The recent performance test for air purification/cleaning systems for the continuous removal of potentially harmful airborne substances was conducted using the “continuous gas flow mode”, a test method where a variety of airborne compounds and substances are continuously supplied while the conventional test method includes evaluating the attenuation of the virulent substance concentration comparing with its initial concentration typically conducted in hermetically sealed small spaces. The new continuous test method is more suitable for evaluating the performance for removing substances continuously emitted from wallpaper, building materials, and furniture, etc. Specifically, the test is conducted in a large-capacity stainless-steel chamber specially designed to keep constant temperature and humidity while low-concentrations of formaldehyde gas were continuously supplied. The performance of the air purification systems was evaluated for sustained removal of the airborne chemical by measuring the systems’ exhaust concentration.

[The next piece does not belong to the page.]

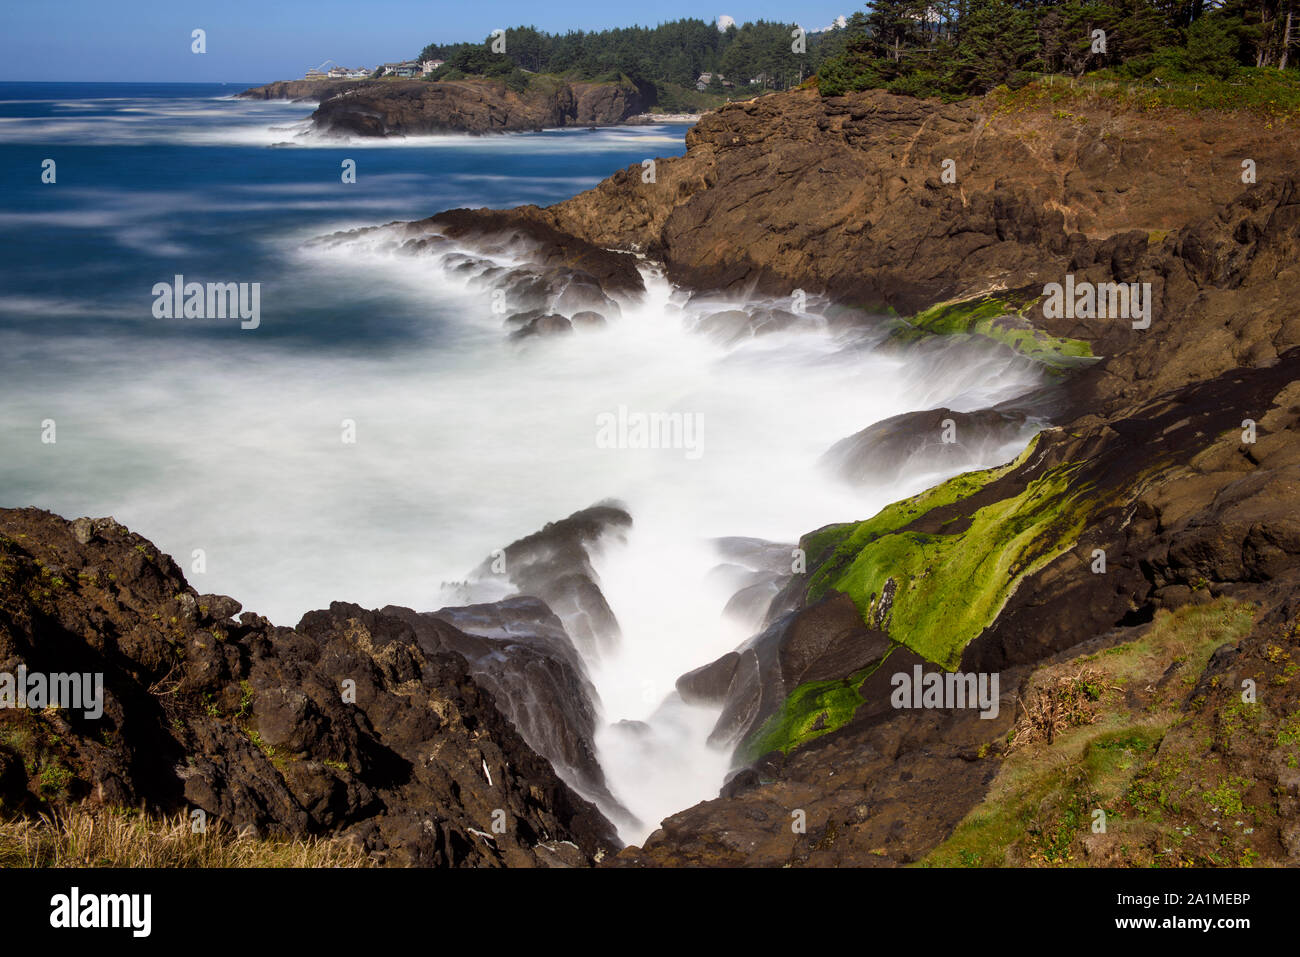 Rugged coastline with pounding surf, Rocky Creek State Scenic Viewpoint, Oregon, USA Stock Photo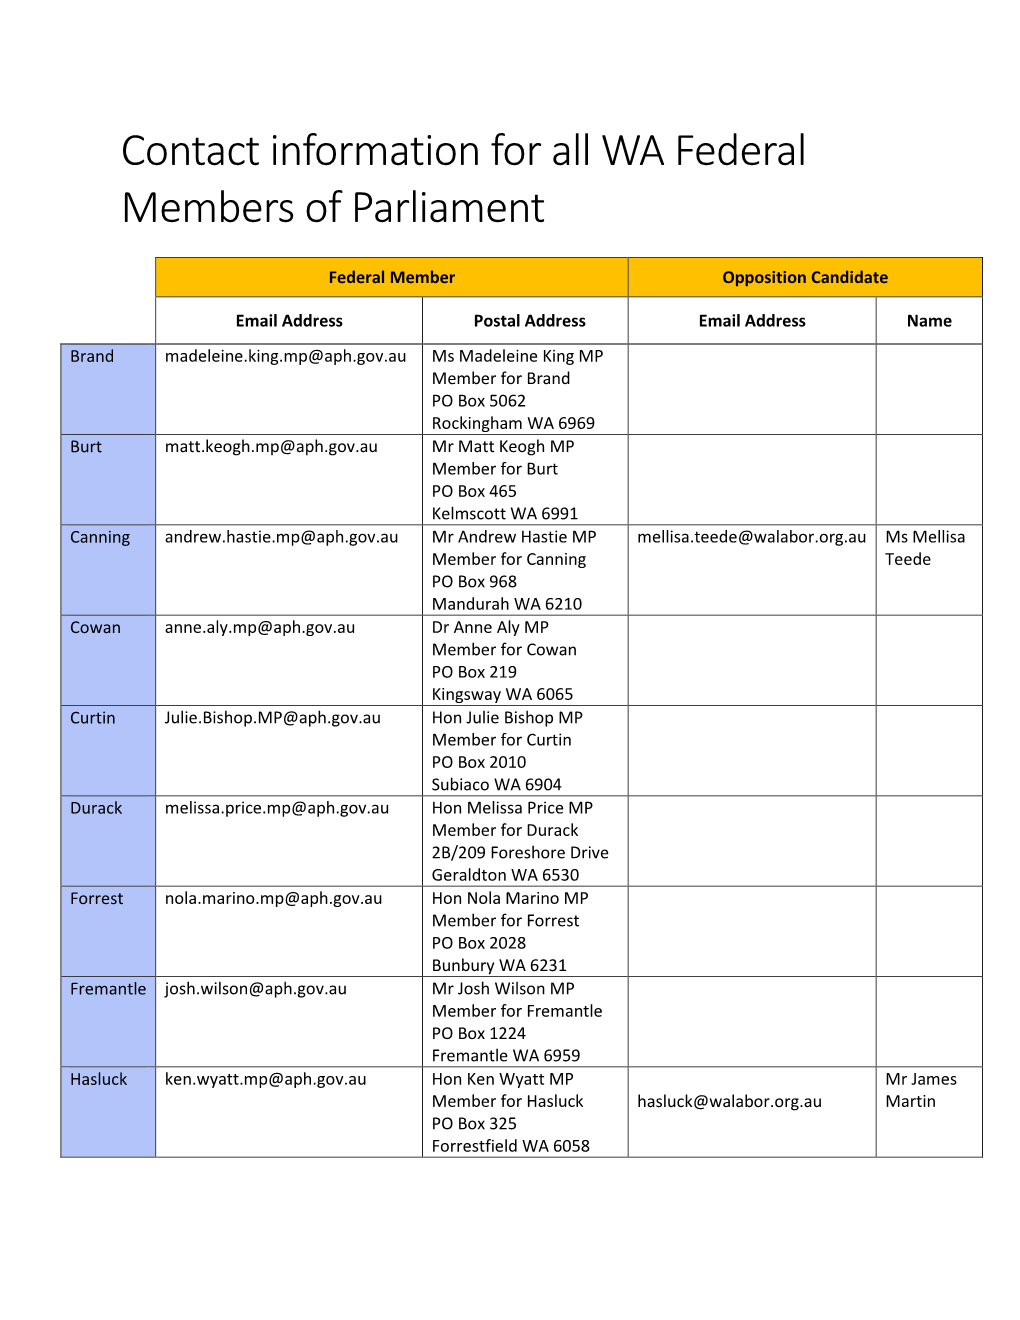 Contact Information for All WA Federal Members of Parliament

The results demonstrated that the formaldehyde gas removal method using active carbon filtration as typically found in a common, general air cleaner worked for a short period of time, although the stable air would become contaminated again soon. However, the air purification element mounted on SANYO’s “VW-VF10B” commercial use air purification system was shown in the test to not only remove formaldehyde from the air, but that it was also able to keep the air cleaner and safer for a longer period of time.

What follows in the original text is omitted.